Masih membacakan sambutan Pakdhe Karwo, Sigit memaparkan program-program Gubernur Jawa Timur terdahulu seperti  pada  era   Gubernur   Muhammad  Noer  telah  dicanangkan bahwa pemerintahan harus selalu ’’AGAWE WONG CILIK MELU GUMUYU”, era Gubernur  Soenandar Prijosoedarmo, telah  dicanangkan “Panca Tertib” yakni Tertib Program, Tertib Anggaran, Tertib Pelaksanaan, Tertib Pengendalian dan Pengawasan serta Tertib Administrasi.

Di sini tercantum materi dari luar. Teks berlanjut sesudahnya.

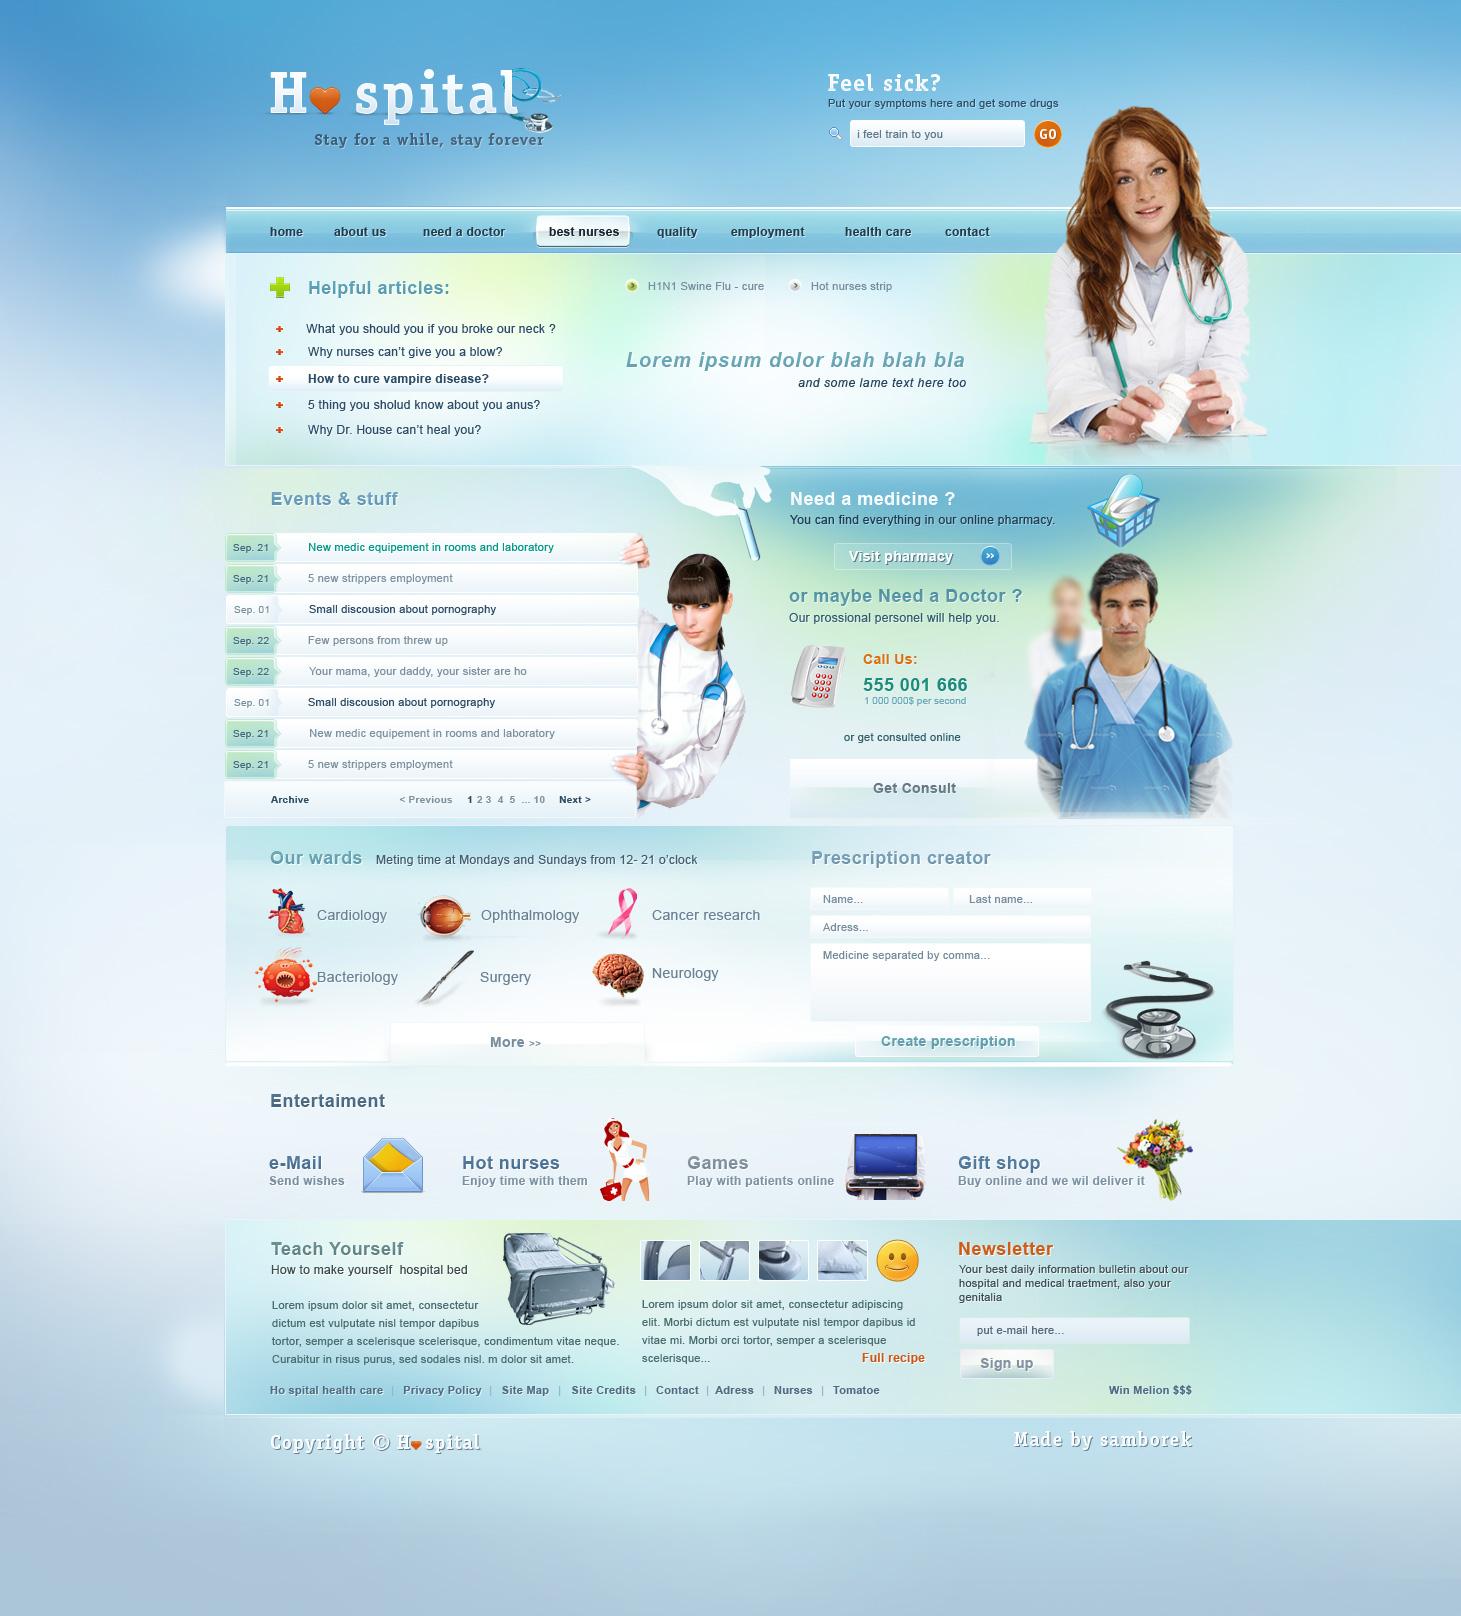 Ho spital design

Era Gubernur Wahono telah berhasil meletakkan pembangunan yang berbasis pedesaan.  Di era   Gubernur    Soelarso   Jawa Timur mulai  menjadi Provinsi Industri karena di saat itulah  Jawa Timur  mulai  mengembangkan pembangunan yang  menitikberatkan pada peran pihak swasta. Gubernur  Basofi Soedirman melanjutkannya dengan Program Utama Pemerataan Pembangunan dengan Gerakan Kembali  ke Desa  (GKD). Pada era Soekarwo pembangunan diarahkan pada pertumbuhan ekonomi yang  inklusif yaitu pembangunan ekonomi yang berorientasi pada pertumbuhan yang  disertai dengan pemerataan,” terangnya.

Sebagaimana tema   peringatan  hari  jadi  ke  73  Provinsi Jawa    Timur     Tahun     2018     ”Makmurkan Jawa Timur Melalui Industri UMKM Berbasis  Digital”, ini  merupakan sebuah  tekad   dan semangat   Provinsi    Jawa   Timur    membangun ekonomi berbasis digital, agar  mampu tumbuh inklusif dan berkelanjutan dengan fokus pada segmen Industri UMKM. “Ada tiga  faktor  yang  membuat Usaha Mikro,   Kecil   dan    Menengah   (UMKM)  bisa bertahan  dalam  kondisi  ekonomi  yang   krisis, yaitu  pertama,  umumnya UMKM menghasilkan barang konsumsi dan  jasa yang  dekat  dengan kebutuhan masyarakat. Faktor  kedua  yakni  pelaku  usaha UMKM umumnya memanfaatkan  sumber daya lokal,  baik   itu   untuk   sumber  daya   manusia, modal,  bahan baku,  hingga   peralatan.  Faktor  ketiga, umumnya bisnis UMKM tidak  ditopang  dana pinjaman  dari  bank, melainkan dari dana sendiri. UMKM  telah   menjadi backbone   (tulang  punggung) dan  buffer  zone (zona   andalan)   yang   menyelamatkan  negara dari krisis,” kata Sigit meneruskan sambutan Pakdhe Karwo.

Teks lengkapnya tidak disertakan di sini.